Activity
Keep the pictures out while you transcribe the listing below exactly.

Data block
──────────
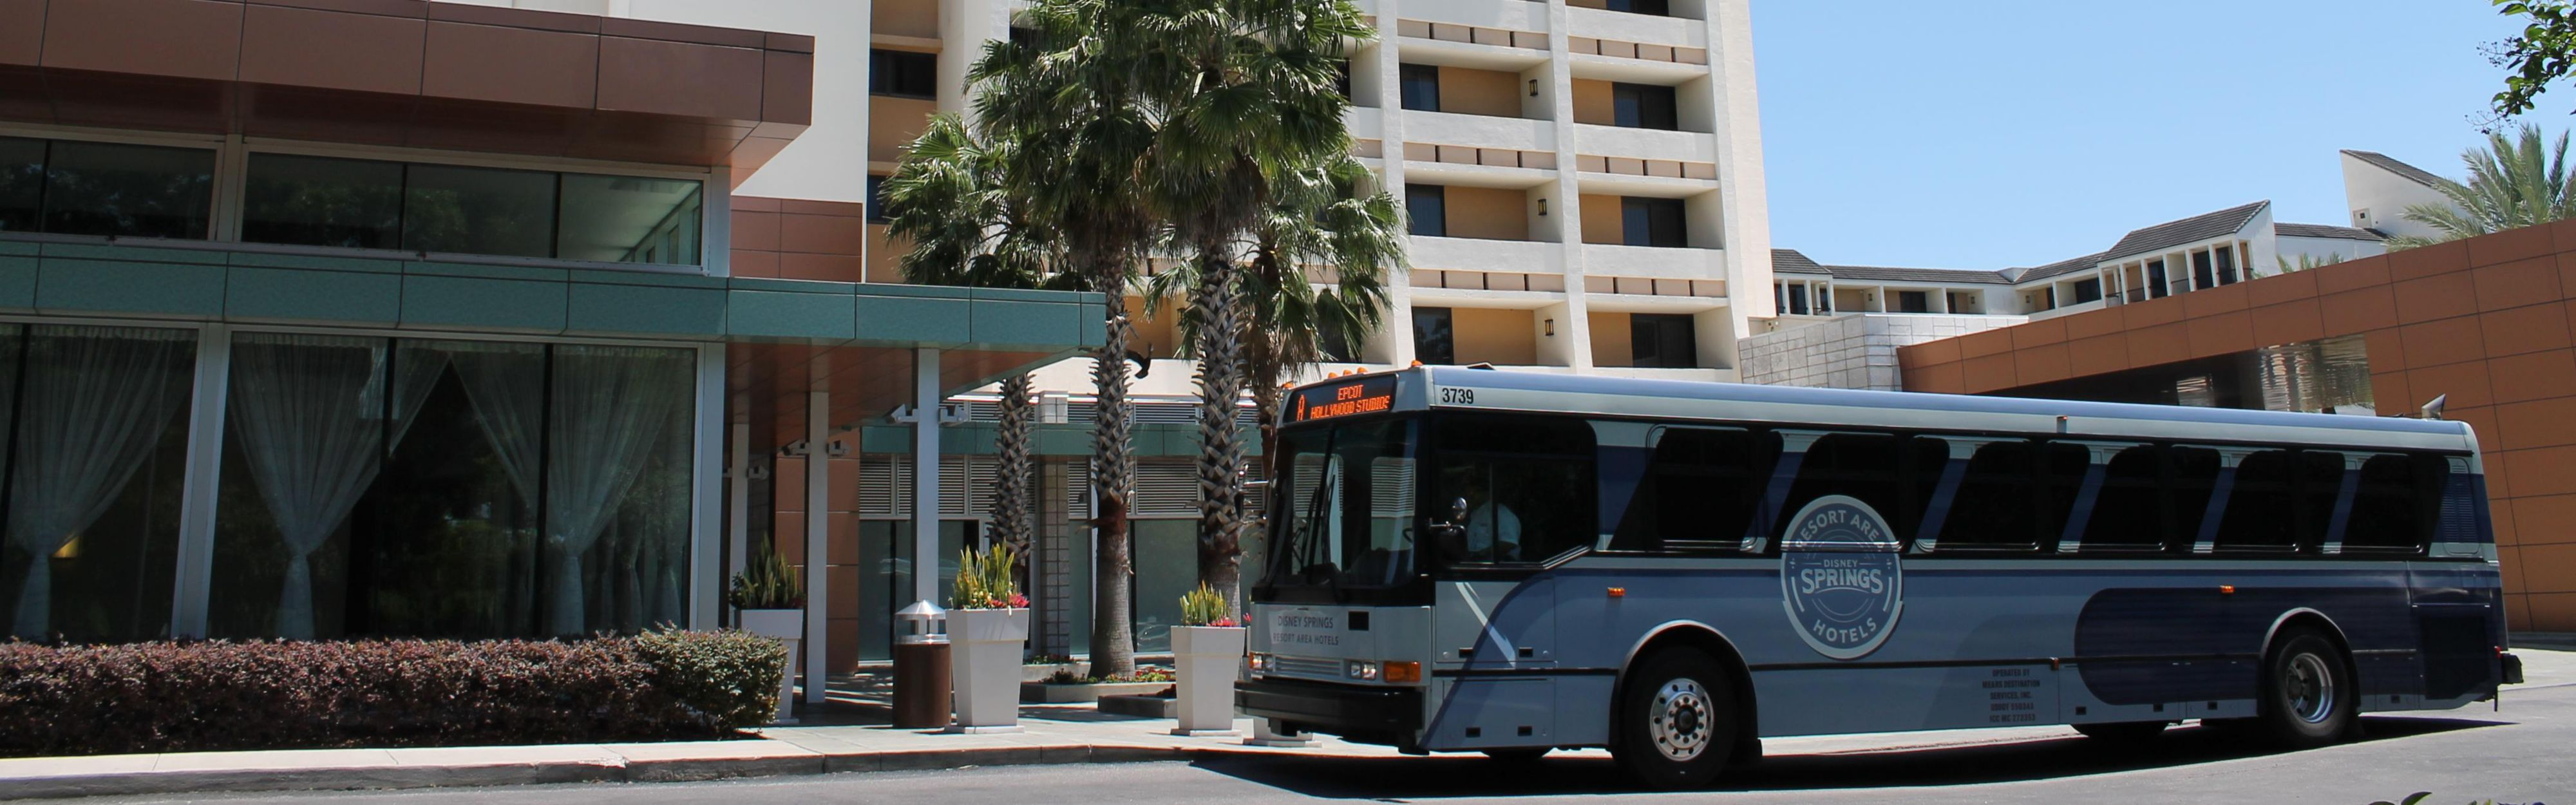 National Car Rental Disney World Orlando
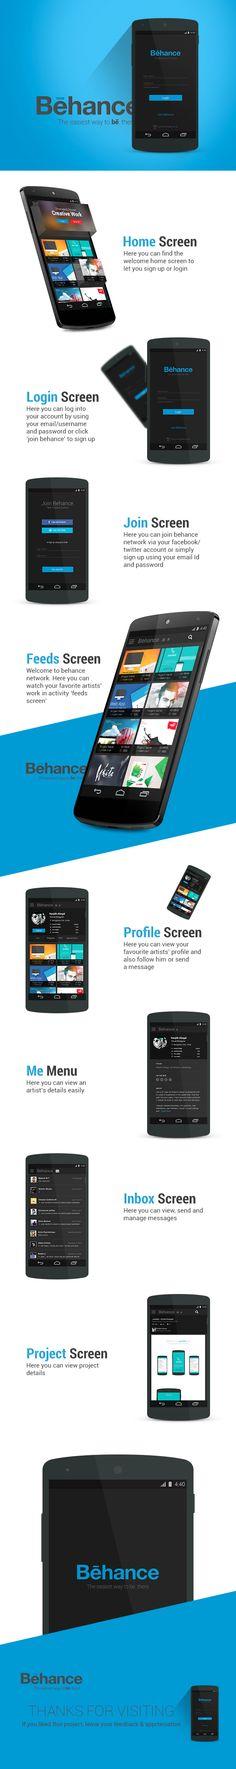 Behance Redesign Concept by Ranjith Alingal, via Behance Mobile Application Design, Mobile Ui Design, Ui Ux Design, Graphic Design, Gui Interface, User Interface Design, Android Design, Ui Design Inspiration, Ui Web
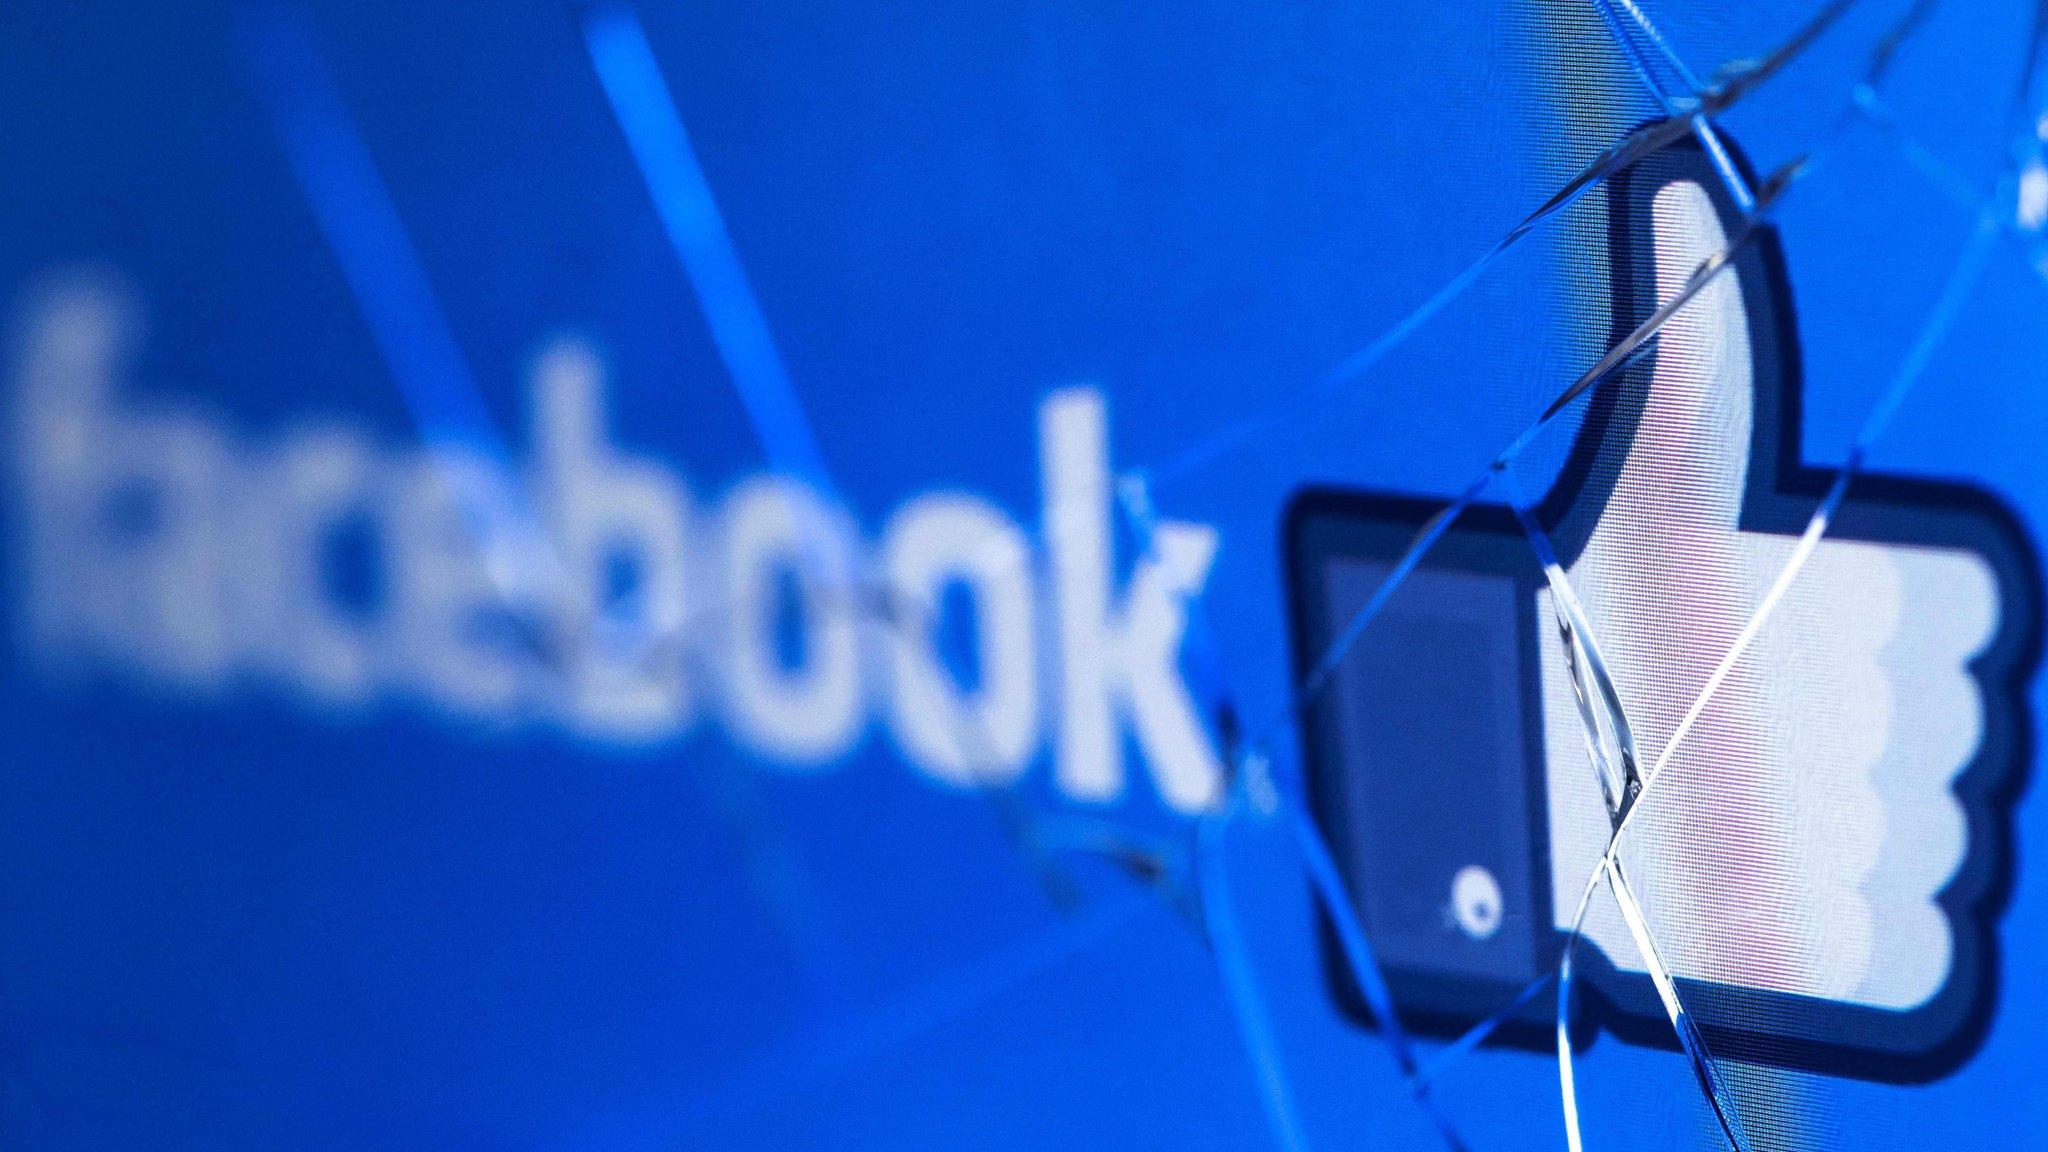 Facebook's hidden battle against ad-blockers
──────────
Output for this task
 National Car Rental Disney World Orlando
 Behance Redesign Concept by Ranjith Alingal, via Behance Mobile Application Design, Mobile Ui Design, Ui Ux Design, Graphic Design, Gui Interface, User Interface Design, Android Design, Ui Design Inspiration, Ui Web
 Facebook's hidden battle against ad-blockers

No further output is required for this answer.